Pulforming is an advanced composite manufacturing process where continuous fiber reinforcements are pulled, shaped, and cured simultaneously to produce complex profiles. Unlike traditional methods, it enables variable cross-sections and intricate geometries. The process relies on technical textiles like multiaxial and woven fabrics, where fiber architecture directly governs strength, performance, and final product design.
Step by Step Guide
- Fiber Feeding
Continuous reinforcement (rovings, mats, fabrics) is fed from creels. - Resin Impregnation
Fibers pass through resin bath or injection chamber (thermoset resin). - Preforming Stage
Fibers are shaped into approximate geometry using guides. - Forming + Curing Die (Key Stage)

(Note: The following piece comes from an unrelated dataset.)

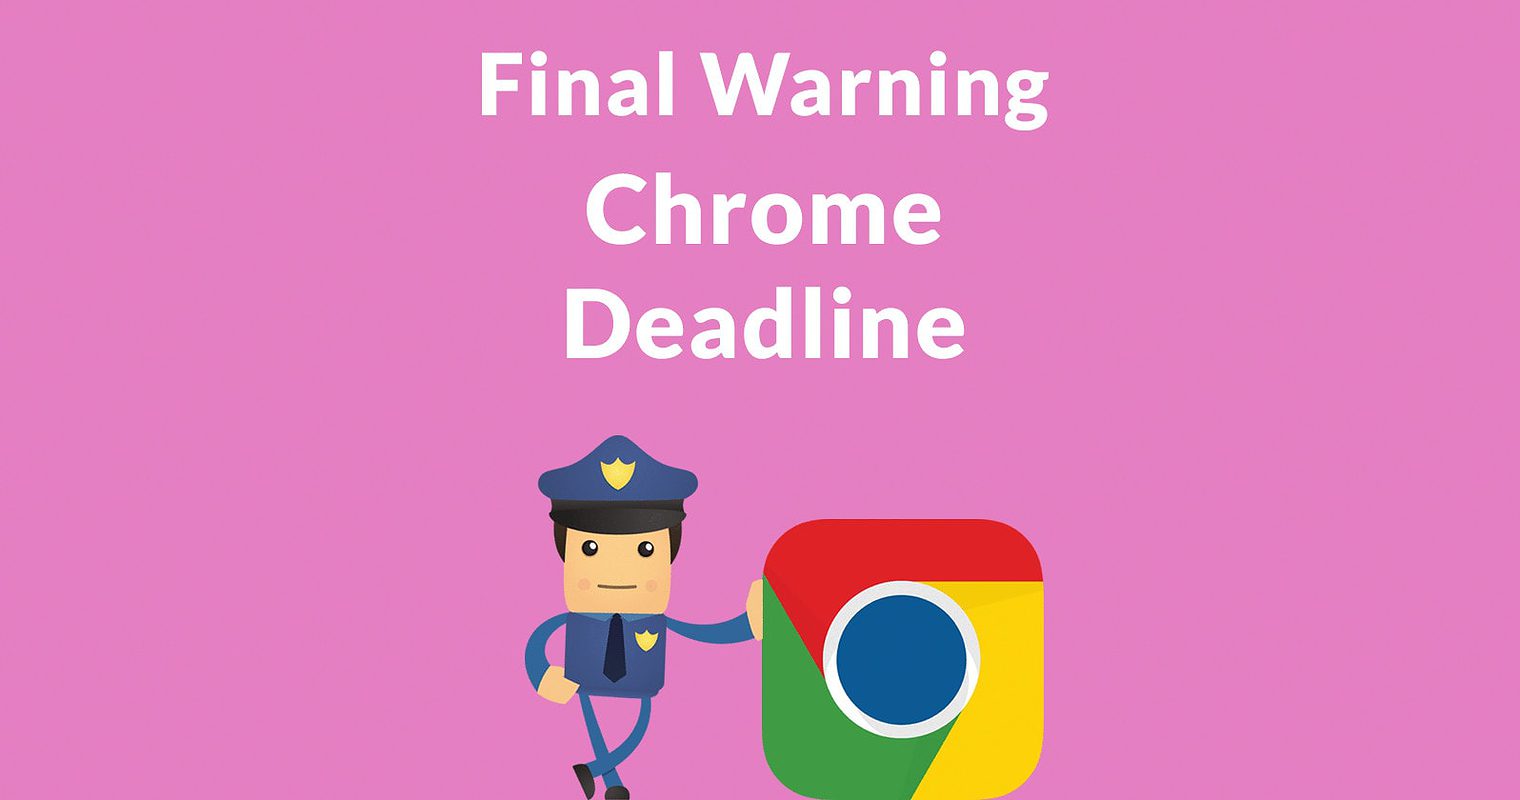 Google Chrome Issues Final Warning on HTTPS

- Fibers are compressed, reshaped, and consolidated
- Heat cures the resin
- Cross-section can change along length
- Pulling Mechanism
A puller continuously draws the profile. - Cutting
Final product is cut into required lengths.
Material Used
Fibers:
- Glass Fiber
- Carbon Fiber
- Aramid Fiber
Fabric Forms:
- Unidirectional (UD) fabrics
- Woven fabrics
- Multiaxial fabrics (±45°, 0°, 90°)
- Non-crimp fabrics (NCF)
- Stitched mats
Advantages
- Enables complex and variable cross-sections
- High strength-to-weight ratio
- Continuous and efficient production process
- Excellent fiber alignment and load distribution
- Reduced secondary processing
Limitations
- Higher tooling complexity and cost
- Limited to continuous profile production
- Requires precise process control
- Initial setup and design can be complex
Applications & End Products
Industries:
- Automotive
- Construction & Infrastructure
- Aerospace
- Wind Energy
- Railways
- Marine
End Products:
- Structural beams (variable thickness)
- Curved composite profiles
- Reinforced panels
- Automotive crash components
- Cable trays
- Advanced window & door frames
Selection Criteria
Choose pulforming when:
- Complex or non-uniform cross-sections are required
- High structural performance with lightweight is critical
- Continuous production of custom-shaped profiles is needed
- Design demands fiber-oriented strength optimization
- Traditional pultrusion cannot achieve required geometry